God as Republican shows up again in Genesis 9, which begins with another restatement and amplification of the now-familiar "everything on Earth belongs to you humans, knock yourself out" speech (1-3). Immediately following this is an absolutely cut-and-dry mandate for the death penalty: whoever sheds the blood of man, by man shall his blood be shed, for in the image of God has God made man (9:6).

Family values are not addressed as such in this section -- although, wait 'til next week -- but there is a passing condemnation of humanity that is a bit stinging in its casualness: The Lord smelled the pleasing aroma (Mmmm! burnt sacrifice!) and said in his heart: "Never again will I curse the ground because of man, even though every inclination of his heart is evil from childhood. (9:21)" Ouch!

The Afterlife has been mentioned in these very key first nine chapters of the Bible.... not at all!

Details, Details....

The Noah story is really the first so far that is long enough to have any real narrative line. The most charming thing about it as a story is the wild inconsistancy of detail. In places, there is sudden abundance of precision -- the dimensions of the boat, the exact day of Noah's life on which it started raining, and the elaborate process of releasing birds to search for dry land. Of other areas that spark a readers interest -- what is is like to live on a boat for hundreds of days with only your immediate family and the Bronx Zoo for company? what did people do to deserve this, that we might avoid making the same mistakes in the future? was the rise in water level concomitant with sudden dramatic melting of the Antarctic and Greenland ice sheets? -- there is not a word.

Then, there is a nice piece of poetry that ends Genesis 8 on a hopeful note. The floodwaters receding, God is pleased by Noah and his family, and decides that one destruction of the world is enough:

As long as the earth endures,seedtime and harvest,
cold and heat,summer and winter,day and nightwill never cease. (8:22)


NEXT: "The Tower of Babel," or, Nxhggl mnzzch gilllm ba fortiax!

Wednesday, August 23, 2006

Gen 4 - 5 -- After the Fall, Before the Flood

All right, let's get back into this Bible thing. I've been travelling a lot, which has really cut into progress here. My apologies.

Cain and Abel

Genesis 4 is all about Cain and Abel. This is another story that everybody knows in outline. You are even now thinking to yourself, "yeah, there's Cain, and he kills his brother, and God gets angry at him." And that's exactly right. The surprising thing -- the strange thing -- is that you've pretty much got the whole story right there. That's really all there is to the story.

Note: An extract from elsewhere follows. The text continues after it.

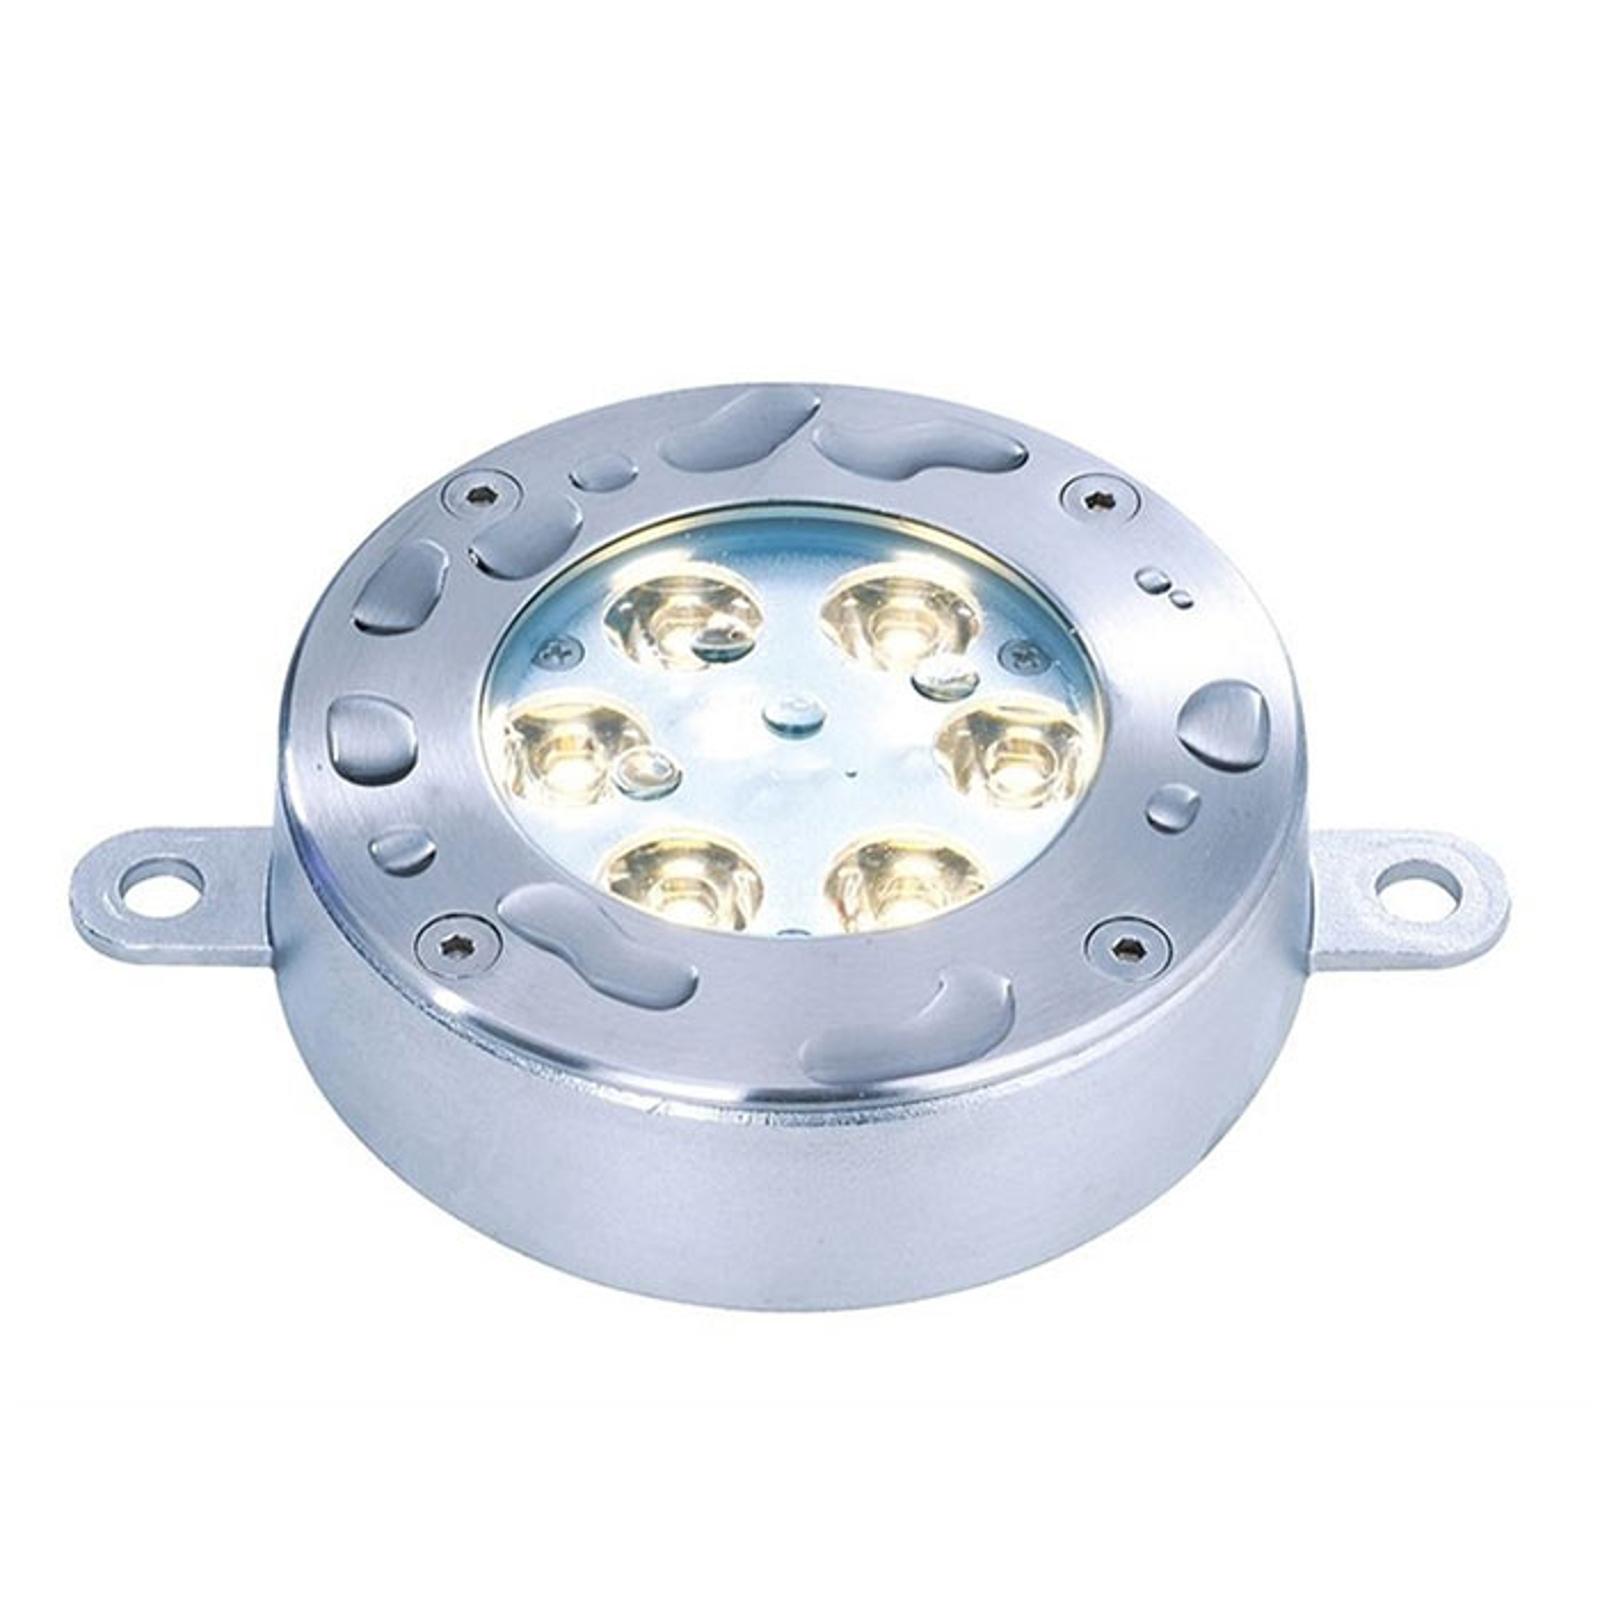 Podvodné zapustené podlahové LED, teplá biela_2501768_1

As the chapter starts, Eve gives birth to Cain. "With the help of the Lord I have brought forth a man," she says, in a voice no doubt dripping with irony -- it has only been nine verses since God served notice that he was going to "greatly increase your pains in childbearing." Then Abel comes along, and soon the two brothers have pursued their separate career paths, Abel in ranching and Cain in farming.

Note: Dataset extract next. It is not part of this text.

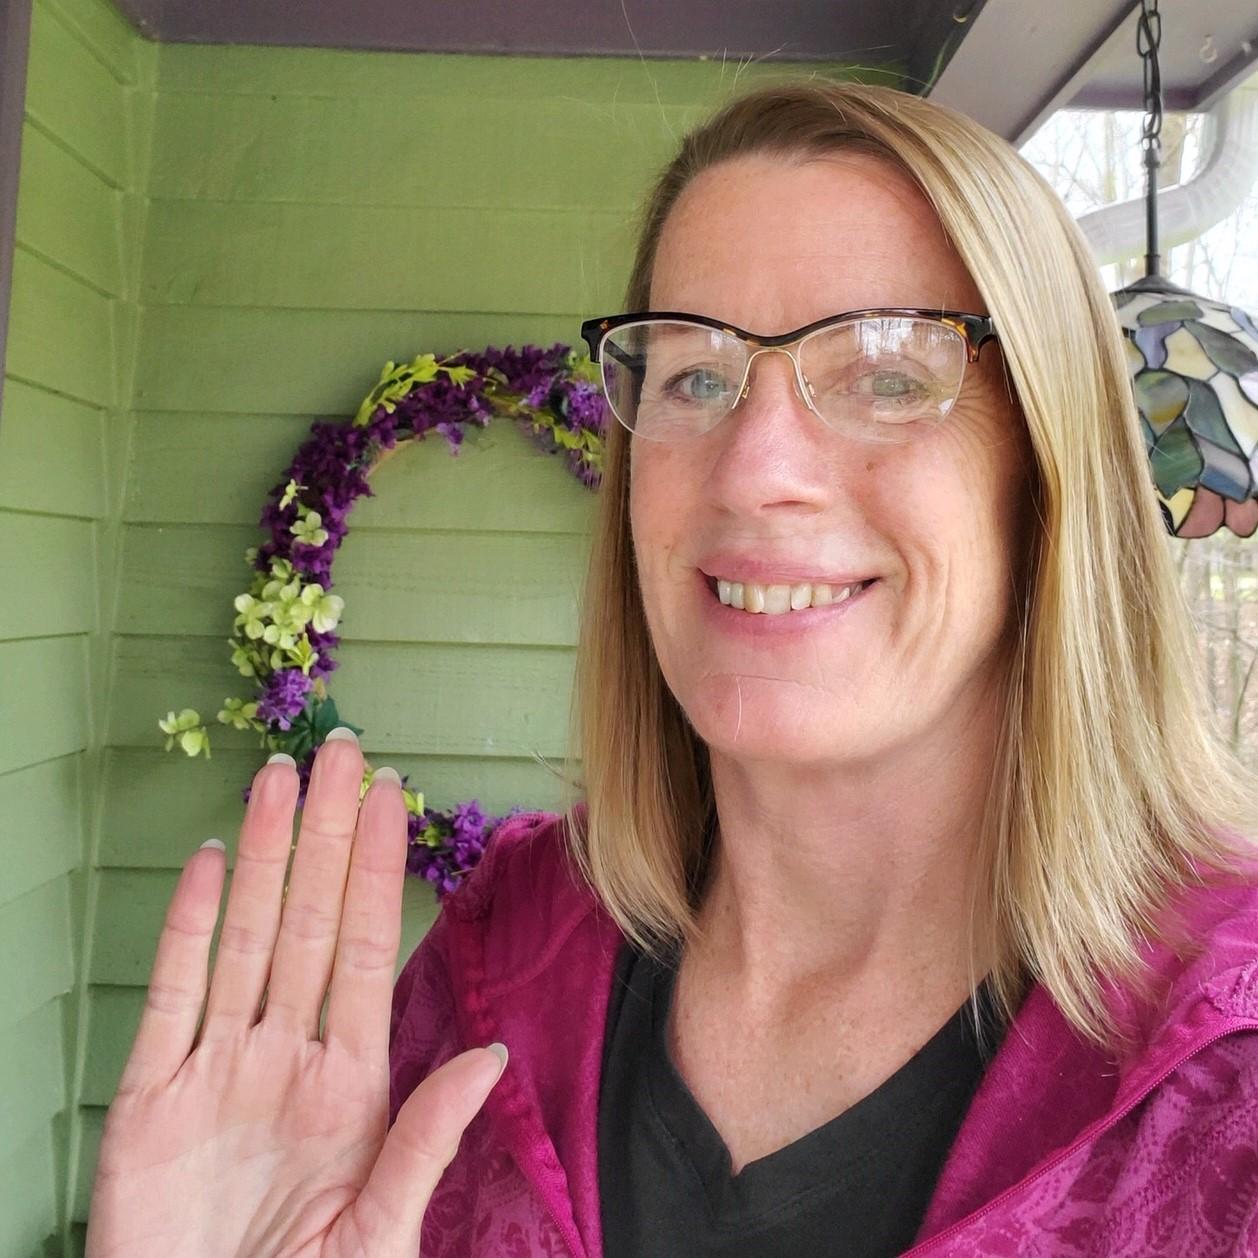 Kathy waving

In a while, they both produce offerings to God. Abel, naturally, brings meat; Cain, veggies. God likes the meat, but did not look with favor on Cain's veggies. "Why not?" you ask. Yes, that seemed like an important point to me too. But -- and this is the strange part, to my eyes -- no reason is given. None. The OCB, in a nice piece of understatement, notes that "this appears to be a literary gap." Yes indeed it does, and it's a gap that renders the story, however well known, to be completely meaningless for all intents and purposes.

Cain kills Abel in a fit of jealousy, God confronts Cain, Cain gets to say his money line, and then God curses him and banishes him. Adam must be pleased to see his boy take after him so closely; in my edition of the Bible, both father and son are in turn cursed and outcast on the very same page.

The OCB notes that "many themes appear in this story, including sibling rivalry, the attraction of sin, crime met with punishment, the futility of pretense before God, and the moral distinction between civilization and barbarism." Which is all true, I suppose, but it's also giving the story much more than its literary due. These themes are evoked, but not developed, so while the story packs a certain cultural punch by virtue of being extremely well known (which is, let's face it, only because it's so close to the beginning) it doesn't really say much.

Begin the Begittin'

After Cain's expulsion, he, ahem, lays with his wife -- I'll avoid the obvious and age-old question of where she wandered in from -- and they begit Enoch. "Cain was then building a city," we are told, in a casual aside, "and he named it after his son Enoch." Five more generations pass without comment until we get to Lamech, who has two wives and three sons. Interesting boys, Lamech's sons: one is "the father of those who live in tents and raise livestock," one is "the father of all who play the harp and flute," and one "forged all kinds of tools out of bronze and iron." Presumably, this is a metaphorical fatherhood -- is that allowed by the fundamentalists? -- similar to calling George Washington "the father of his country" without implying that he literally, um, begat us all.

This is all readable, I suppose, as a quick-and-dirty social history of human society up through the bronze age. First there were horticulturalists and herders, and God (from the perspective of the authors) liked herders better. Then the horticulturalists built cities, horned into the ranching biz, developed a fancy urban culture, and developed protoindustries. And yeah, that's basically what really happened. Kind of interesting. I'm not sure it gets us anywhere, though.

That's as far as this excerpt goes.